Taking lawmakers to coal plants and a coal mine in 2010
These South Dakota lawmakers are hopping a bus for a special treat. They’re about to ride North Dakota’s Energy Trail.
(Roger Solum): “The coal gasification plant really tweaks my curiosity, I’m looking forward to that, certainly.”
The group is touring the Antelope Valley Station, Great Plains Synfuels Plant and the Freedom Mine.
(Val Rausch): “We live in such a rural area and you don’t realize the magnitude of, like, a Basin. How big they are, where their footprint is, and as a cooperative, how many people benefit from the co-op.”
Val Rausch serves the district where Basin Electric’s Deer Creek Station is under construction… and where another power plant has been running for decades.
(Val Rausch): “The one I have in my backyard is 30 years old, scheduled to do some major upgrades with the emissions and the scrubbers. So I’m interested to look at and get the tour because I think they have already done that here in these power plants, the new technology, so it’ll be pretty interesting to compare the two and to see where the one in my backyard, where that’s headed. I think understanding is always a trump card.”
At Antelope Valley Station, the group learns how electricity is made…
(Daryl Hill): “Burn coal, that gives us heat. That heat boils water and makes steam. The steam drives the turbine, the turbine drives the generator.”
And then they get to see the plant in action.
(Daryl Hill): “It’s about 25, 28-hundred degrees in there. It’s hot, but I can still put my hand on the wall here.”
At the Freedom Mine, they get lots of pictures of a dragline in action… and at the Synfuels Plant, they marvel at the model that was used to build it.
(Ed Anderson): “It’s difficult to have a sense of scale until you’re standing at the base of the boiler, or you’re standing in the model room.”
South Dakota Statewide General Manager Ed Anderson says a tour like this has lasting effects.
(Ed Anderson): “Every time that I’ve done one of these, the legislators walk away from this process extremely impressed, and with a much better understanding of how the power generation process works.”
But, before the lawmakers got to tour the power plants, they stopped here at Basin Electric Headquarters, where they learned about the issues our members are facing.
“I’m just curious to know how that might work…”
The lawmakers heard from Basin Electric staff who explain how the cooperative develops generation, deals with transmission challenges, how the co-op looks financially, and how legislative representatives are tackling issues like climate change legislation.
(Nancy Turbak Berry): “I personally have a huge concern about the environment. I realize it’s very easy for people to cross their arms and start shaking their heads and act as if we should be offended with those people who want us to be responsible. But I honestly feel that we have to be responsible. The issue isn’t going to go away. So, I’m fascinated to learn about folks who are taking some initiative to try to be responsible environmentally.”
Nancy Turbak Berry is glad she accepted this invitation.

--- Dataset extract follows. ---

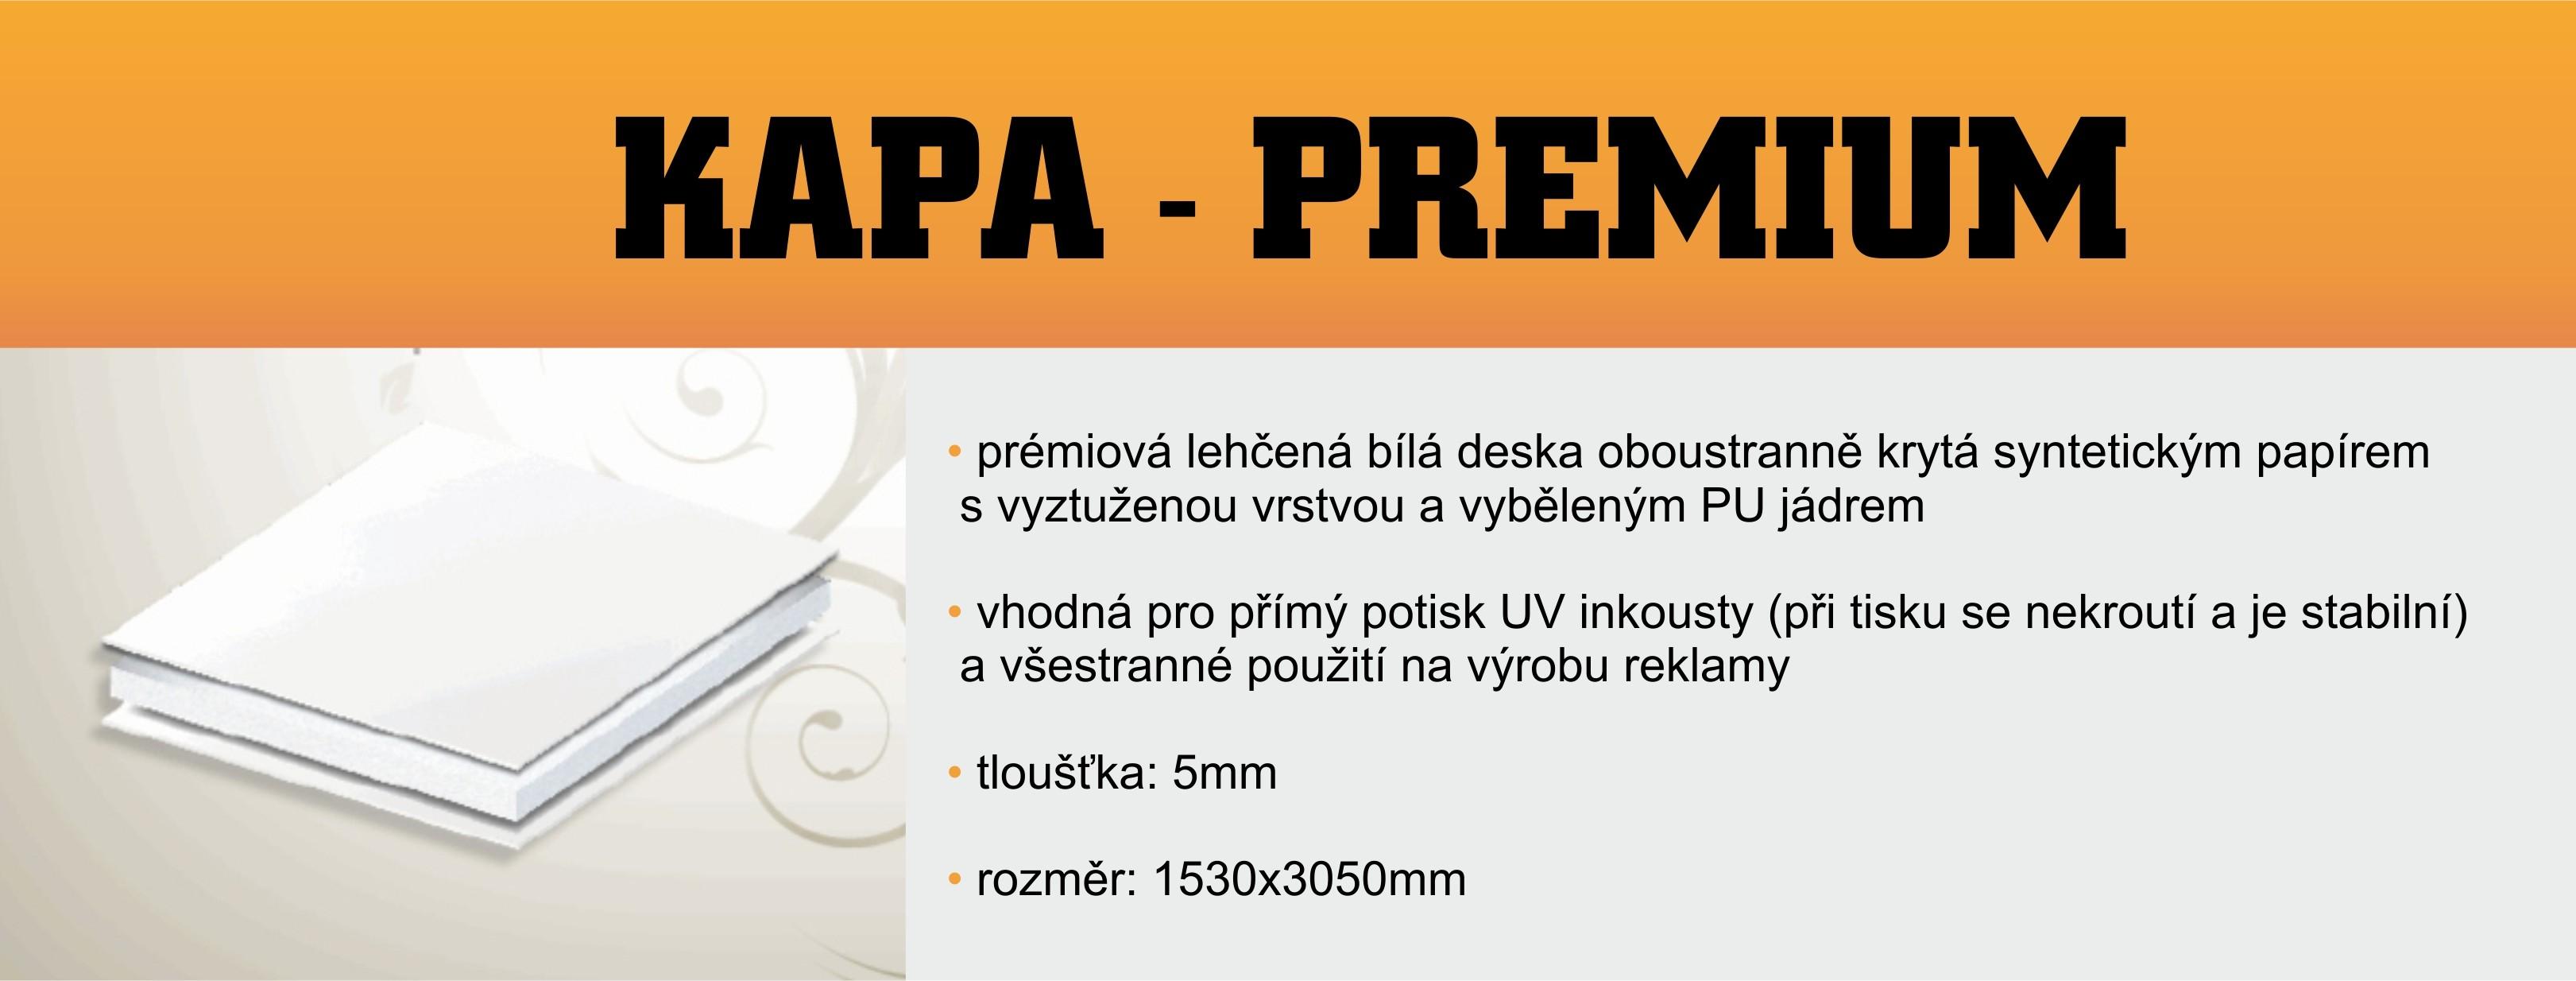 Kapa-Premium, 1530x3050 mm, tl.:5mm

(Nancy Turbak Berry): “I’ve always been a little bit inclined, when issues about cooperatives came up, to only half listen because my particular district wasn’t immediately concerned. And I probably was just a little bit less interested in co-ops than I maybe should’ve been. I’m so impressed with what I learned about the way co-ops work and the responsible leadership that they’re taking, that I would say the most impressive thing to me is sort of the loyalty that you’ve been developing in me towards the co-op concept, and especially as applies to energy co-ops.”

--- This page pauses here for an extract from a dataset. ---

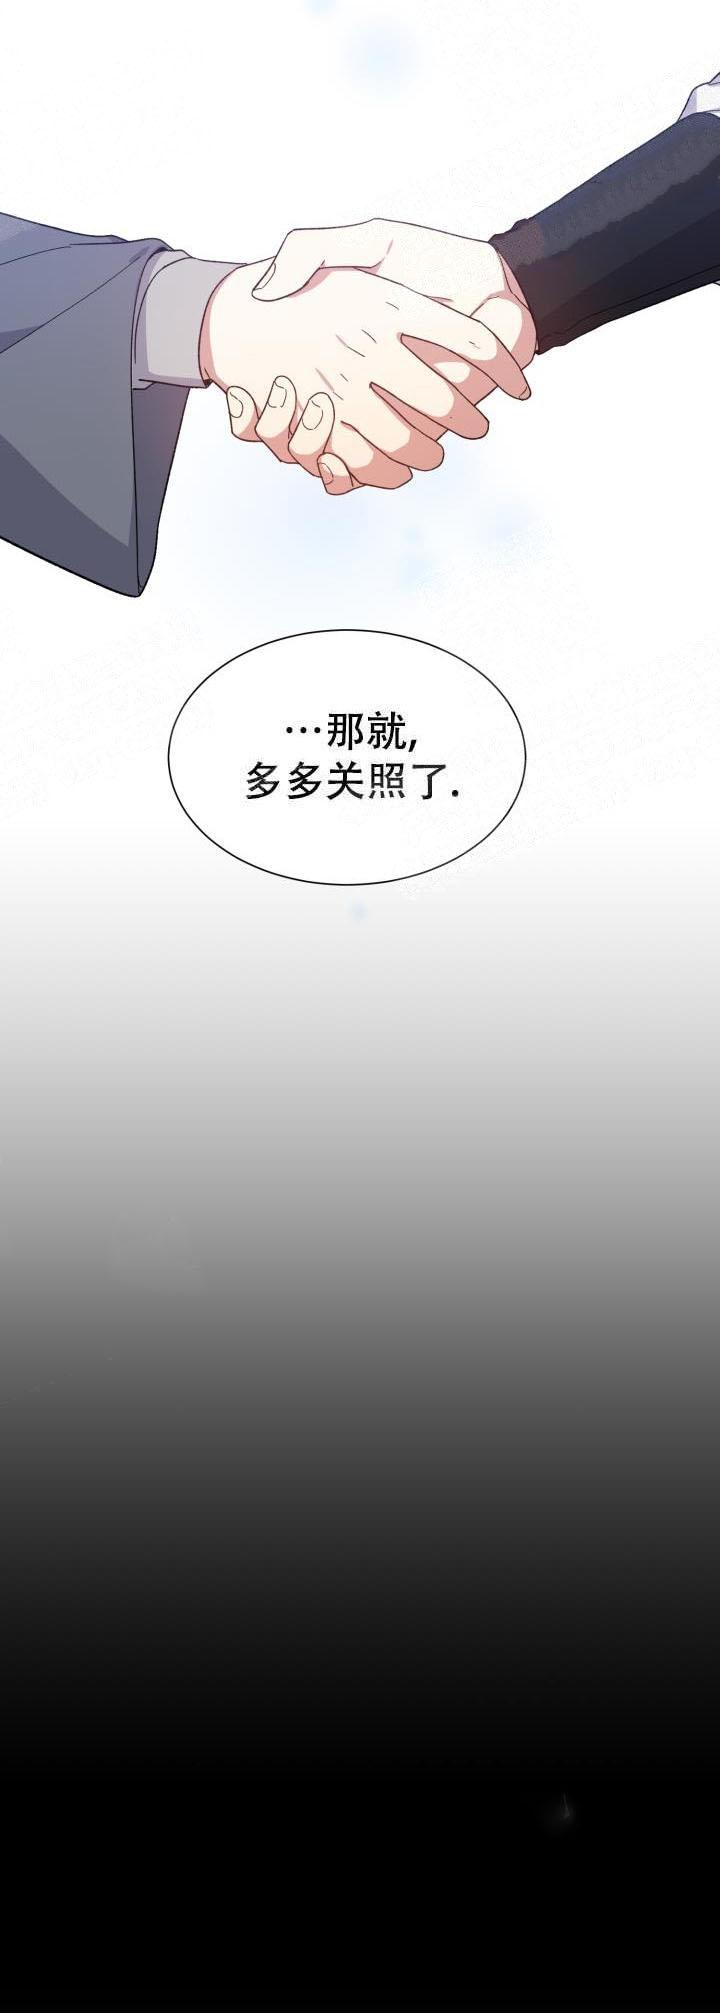 影子王冠-漫画免费阅读下拉式完整版全集资源-啵乐漫画

Roger Solum says more lawmakers should take this tour.
(Roger Solum): “We have such a small group of people in our legislature, and I’m sure North Dakota is the same way, that really have, you can say, the technical expertise to be able to talk about the issue. So, a trip like this, I feel it’s part of my responsibility to take what we’ve learned here and share it with those who haven’t had the opportunity to come up here.”
Anderson says when he walks up to these lawmakers during the next session, he can explain less, and discuss the issues more.
(Ed Anderson): “I had two from my group and two from the other group that took the time and made the point to come up to me today and say, ‘That was huge. That was really important to me.’ So, success.”